Center for Precision Health, School of Biomedical Informatics, University of Texas Health Science Center at Houston, Houston, TX 77030, USA.
Cells. 2022 Jul 16;11(14):2219. doi: 10.3390/cells11142219.
Genome-wide association studies have successfully identified variants associated with multiple conditions. However, generalizing discoveries across diverse populations remains challenging due to large variations in genetic composition. Methods that perform gene expression imputation have attempted to address the transferability of gene discoveries across populations, but with limited success.
Here, we introduce a pipeline that combines gene expression imputation with gene module discovery, including a dense gene module search and a gene set variation analysis, to address the transferability issue. Our method feeds association probabilities of imputed gene expression with a selected phenotype into tissue-specific gene-module discovery over protein interaction networks to create higher-level gene modules.

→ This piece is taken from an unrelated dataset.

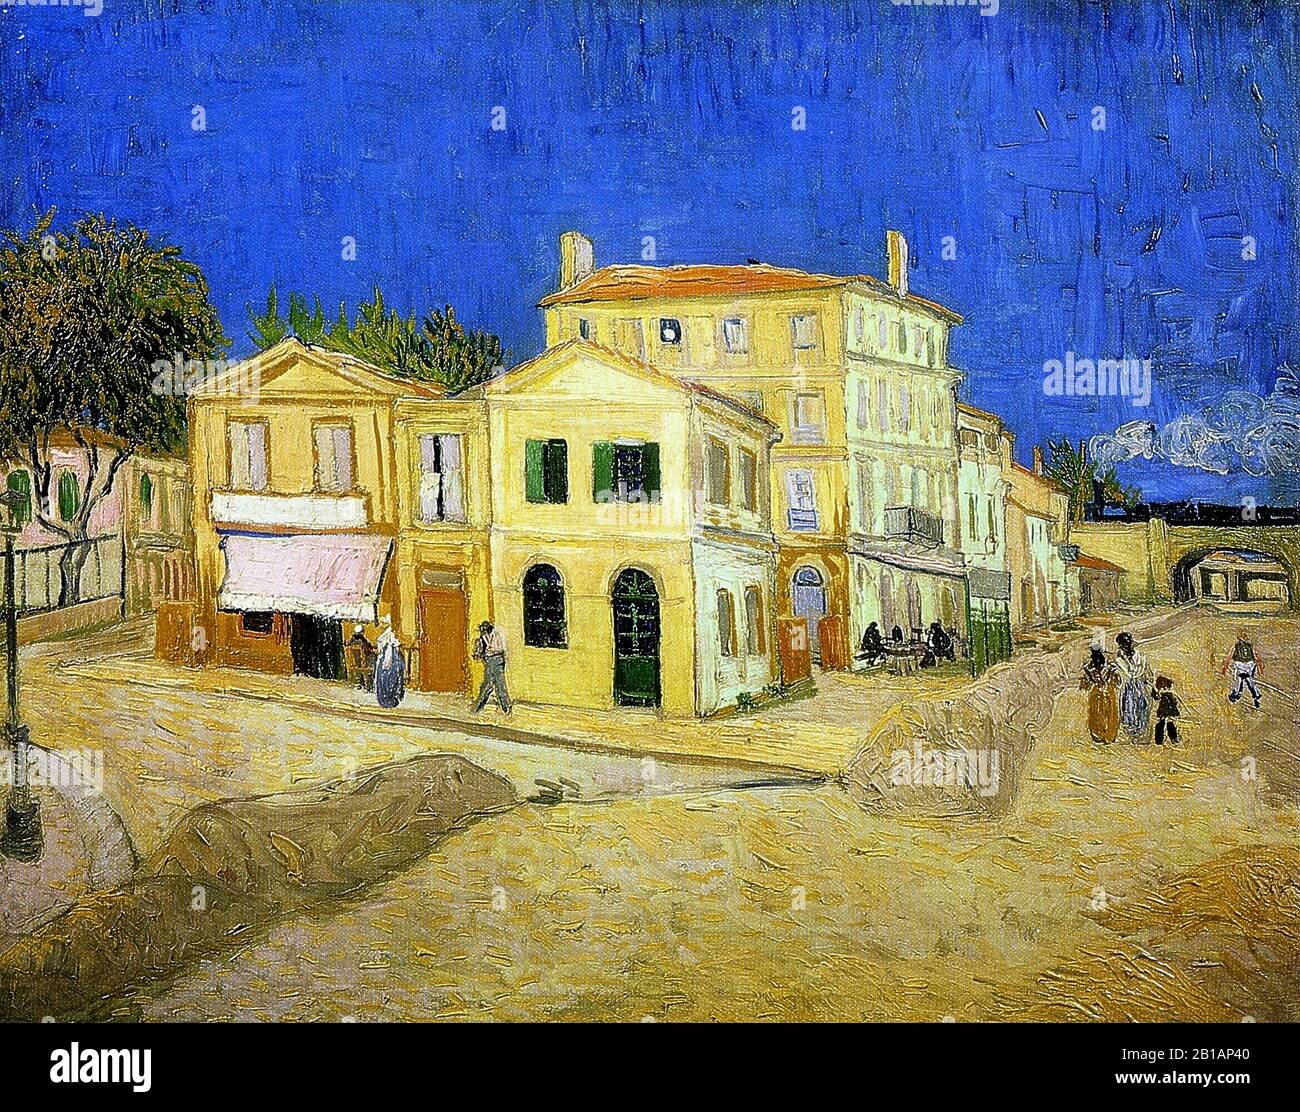 La Casa gialla, o la casa di Vincent ad Arles (la Maison jaune) 1888 -  dipinto di Vincent van Gogh - Immagine Ad Altissima risoluzione e qualità  Foto stock - Alamy

We demonstrate our method's utility in three case-control studies of Alzheimer's disease (AD) for three different race/ethnic populations (Whites, African descent and Hispanics). We discovered 182 AD-associated genes from gene modules shared between these populations, highlighting new gene modules associated with AD.
Our innovative framework has the potential to identify robust discoveries across populations based on gene modules, as demonstrated in AD.
全基因组关联研究已经成功鉴定出与多种疾病相关的变异。然而,由于遗传组成的巨大差异,将发现推广到不同人群仍然具有挑战性。进行基因表达推断的方法试图解决基因发现的可转移性问题,但收效甚微。
在这里,我们引入了一种结合基因表达推断和基因模块发现的流水线,包括密集基因模块搜索和基因集变异分析,以解决可转移性问题。我们的方法将推断的基因表达的关联概率与选定的表型一起输入蛋白质相互作用网络中的组织特异性基因模块发现中,以创建更高层次的基因模块。
我们在针对三个不同种族/民族(白人、非洲裔和西班牙裔)的阿尔茨海默病(AD)的三个病例对照研究中证明了我们方法的实用性。我们从这些人群之间共享的基因模块中发现了 182 个与 AD 相关的基因,突出了与 AD 相关的新基因模块。
我们的创新框架有可能基于基因模块在人群中识别稳健的发现,正如 AD 中所证明的那样。